§ **THE DATA**:
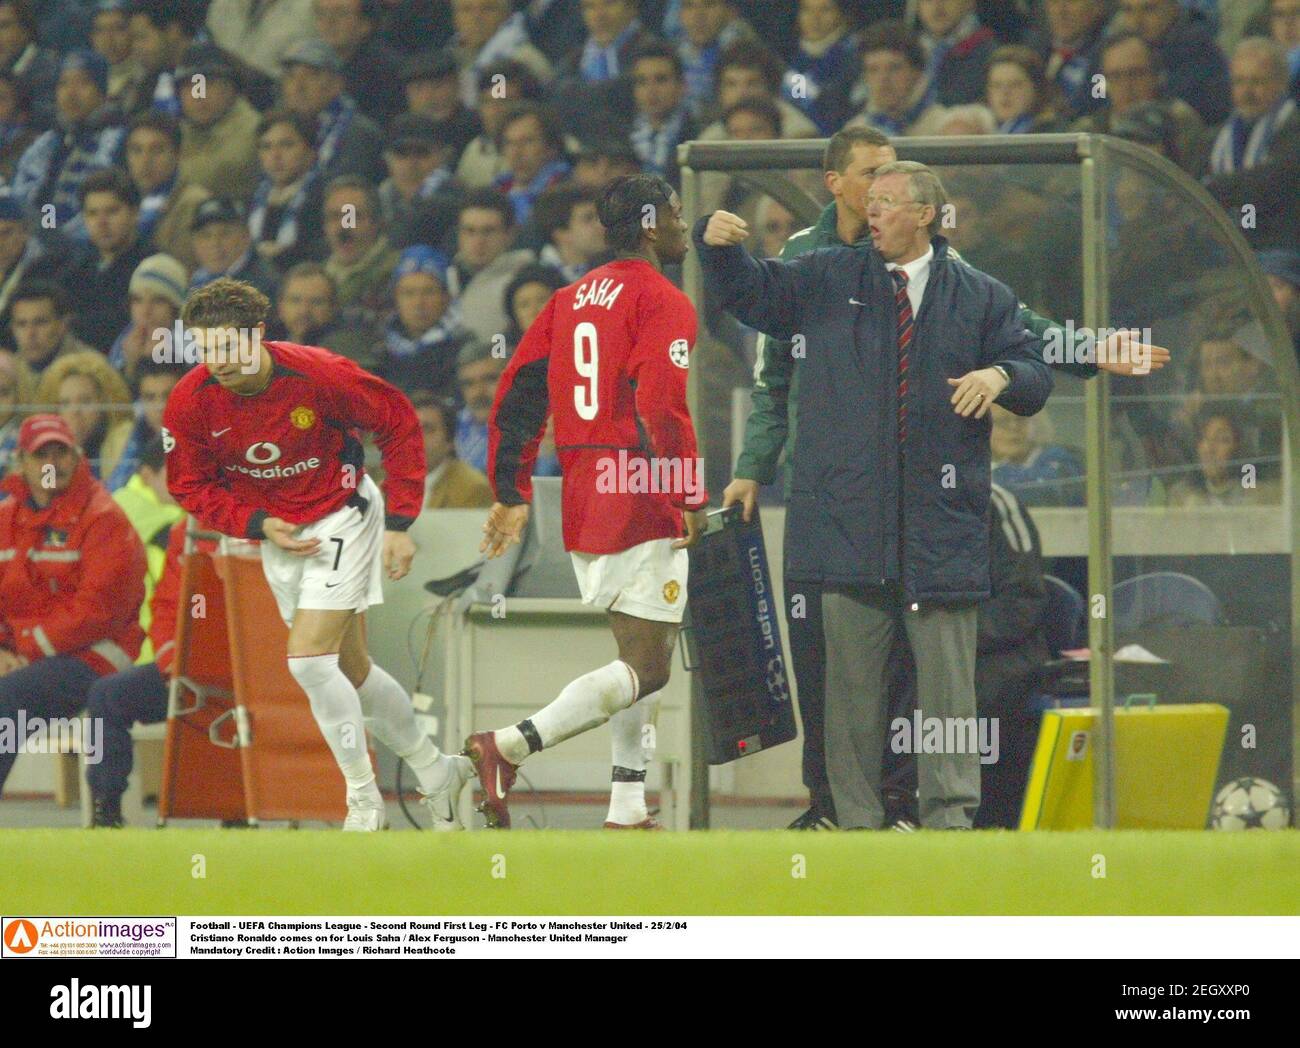 Football - Ligue des champions de l'UEFA - deuxième manche première étape -  FC Porto v Manchester United - 25/2/04 Cristiano Ronaldo vient pour Louis  Saha / Alex Ferguson - Manchester United
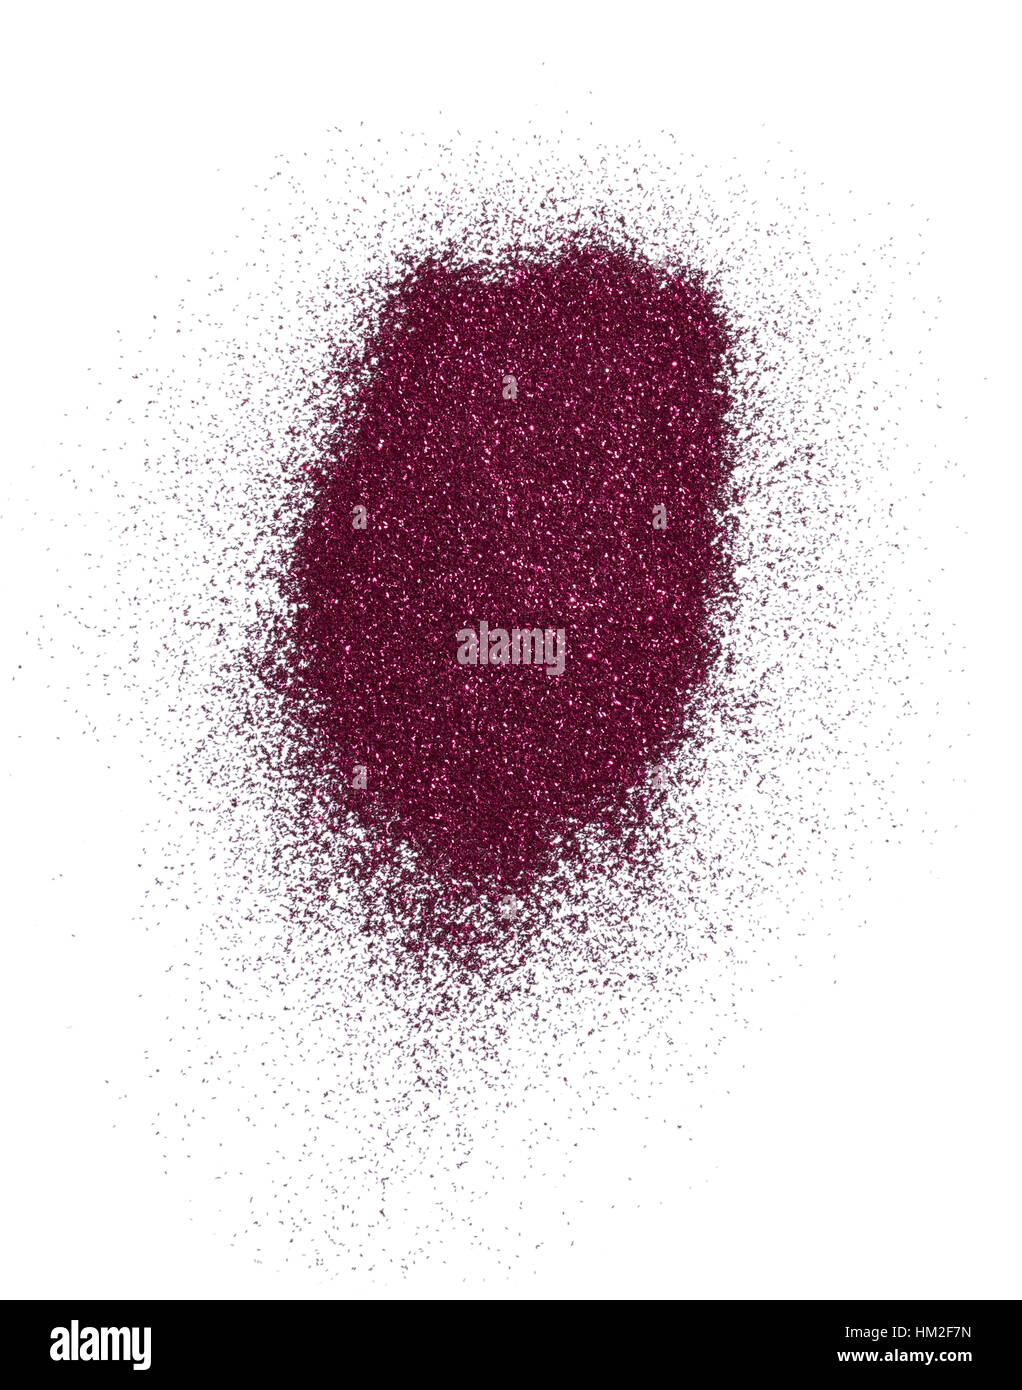 Découper une image de beauté d'un échantillon de poussière glitter rose métallique ou en poudre. Banque D'Images
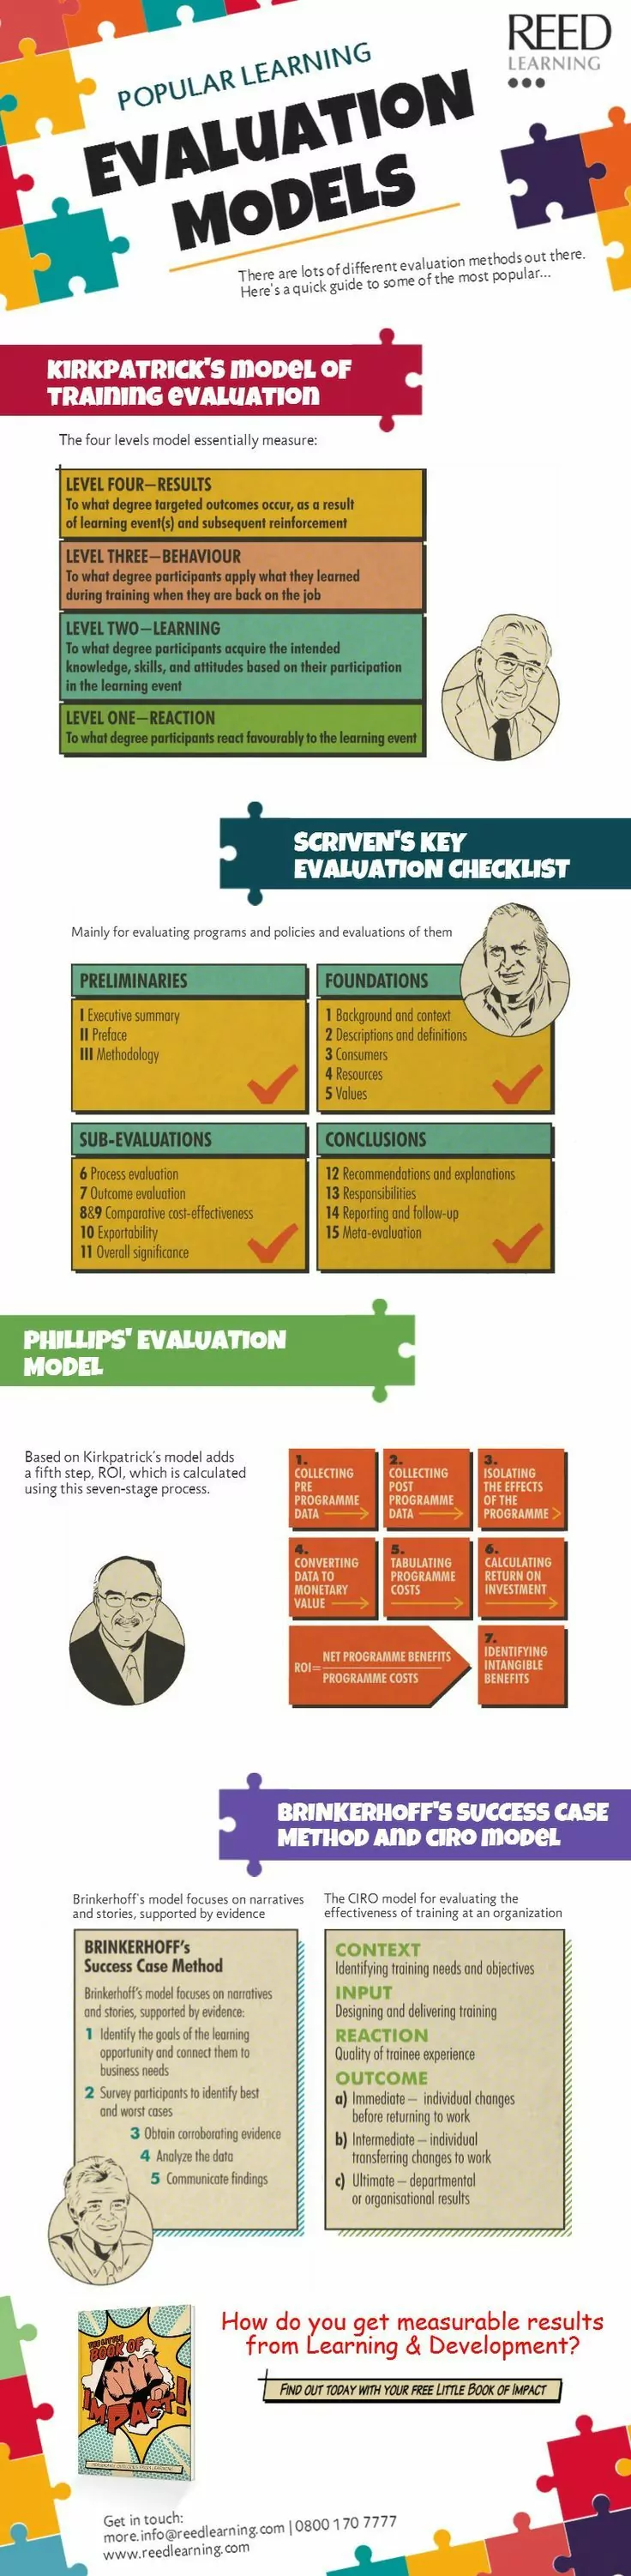 Popular learning evaluation models

§ **TASK GOAL**: Look for the line that contains "Découper une image", then please copy it and the rest of the lines through the end of the data, pictures excluded.

§ **TASK RESPONSE**:
 Découper une image de beauté d'un échantillon de poussière glitter rose métallique ou en poudre. Banque D'Images
 Popular learning evaluation models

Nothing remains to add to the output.